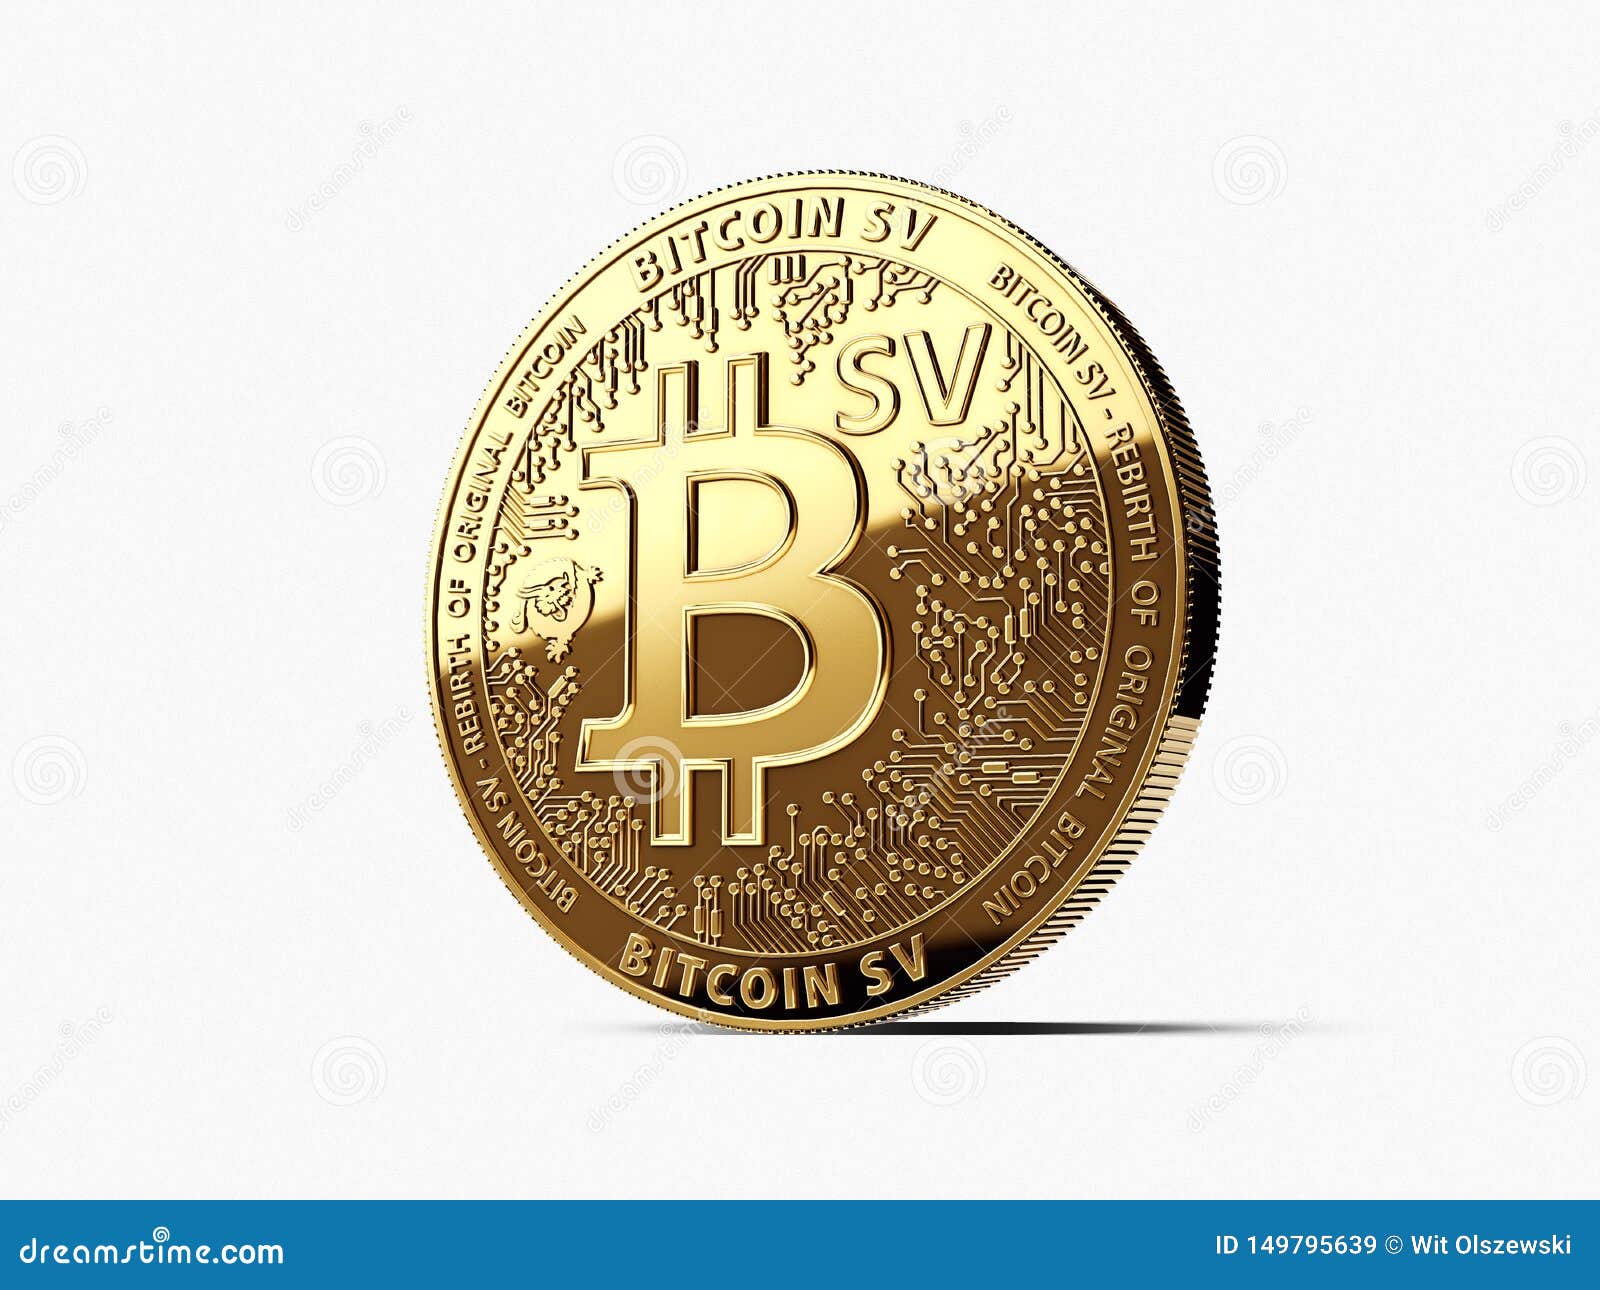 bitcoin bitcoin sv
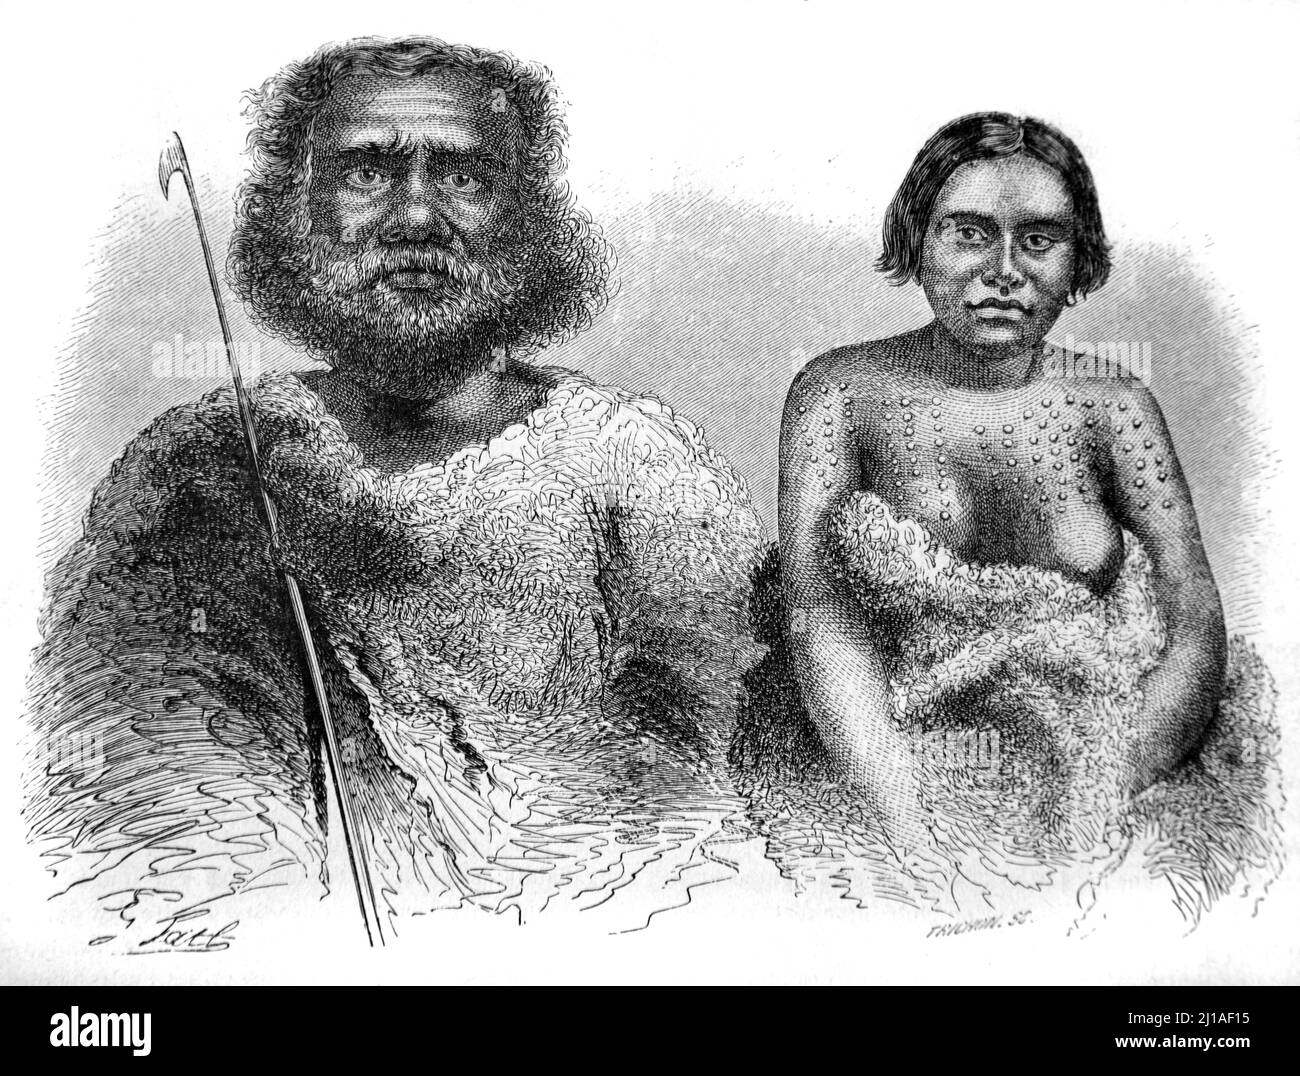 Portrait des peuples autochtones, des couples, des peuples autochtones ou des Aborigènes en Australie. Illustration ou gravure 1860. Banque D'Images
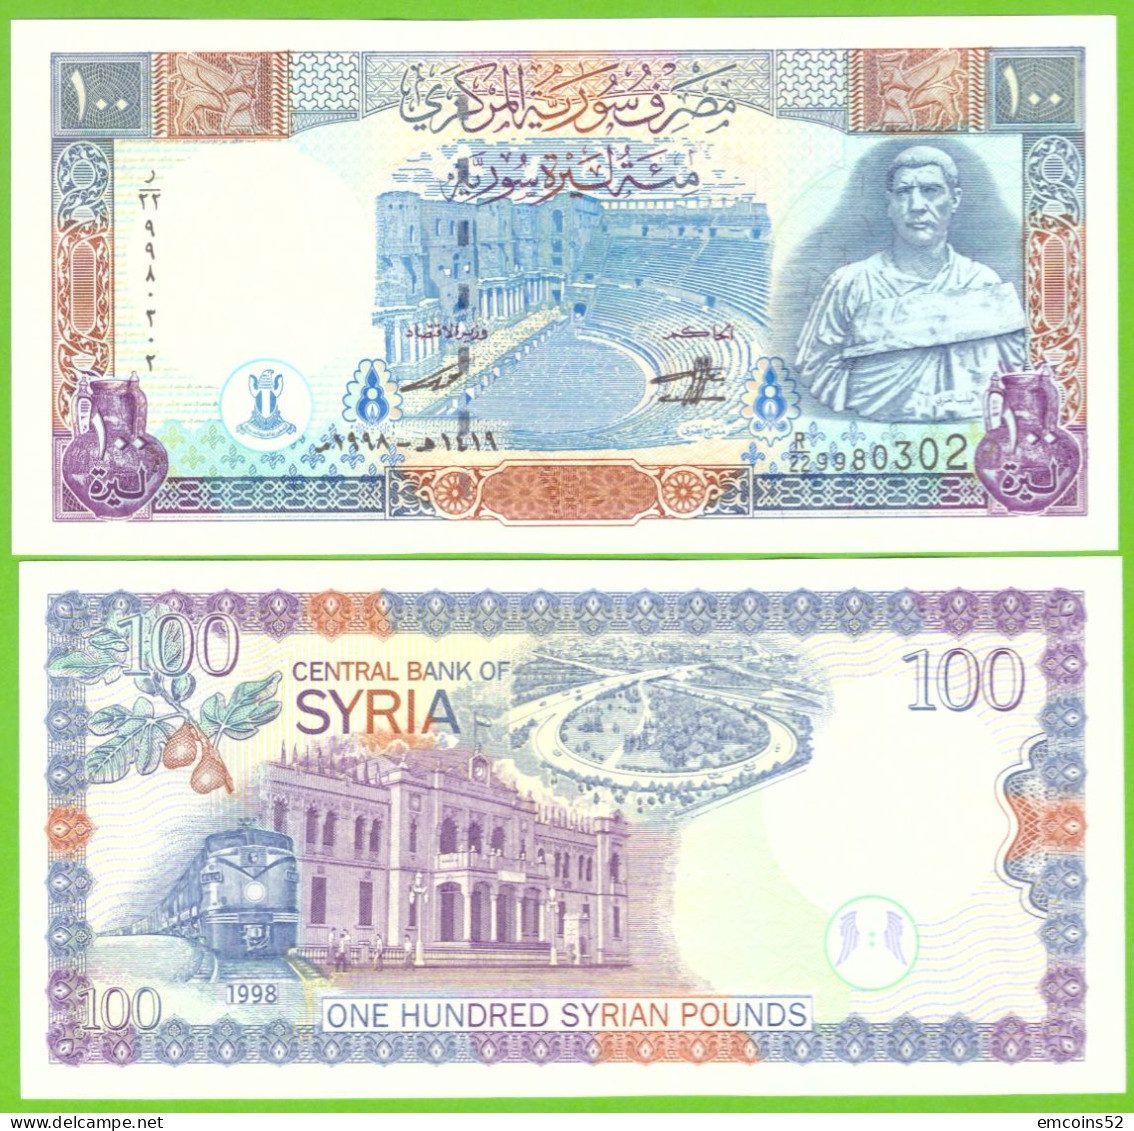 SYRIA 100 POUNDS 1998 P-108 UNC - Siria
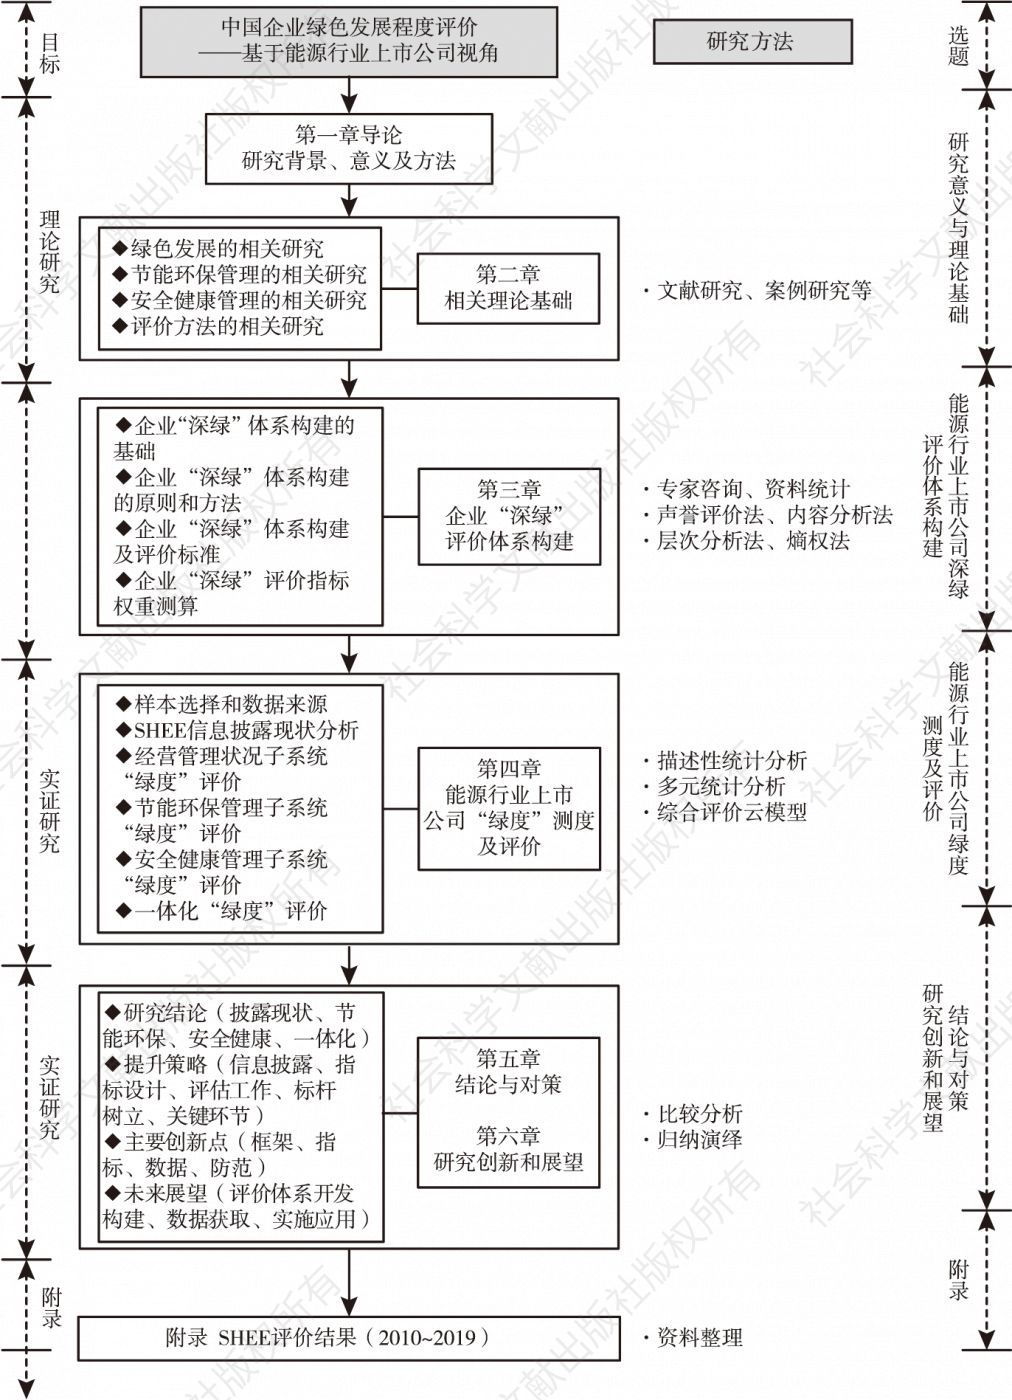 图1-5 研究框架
────────────────────
> [Task]:
Images are to be skipped, and each line above is to be returned exactly.

> [Response to this task]:
 bitcoin bitcoin sv
 Portrait des peuples autochtones, des couples, des peuples autochtones ou des Aborigènes en Australie. Illustration ou gravure 1860. Banque D'Images
 SYRIA 100 POUNDS 1998 P-108 UNC - Siria
 图1-5 研究框架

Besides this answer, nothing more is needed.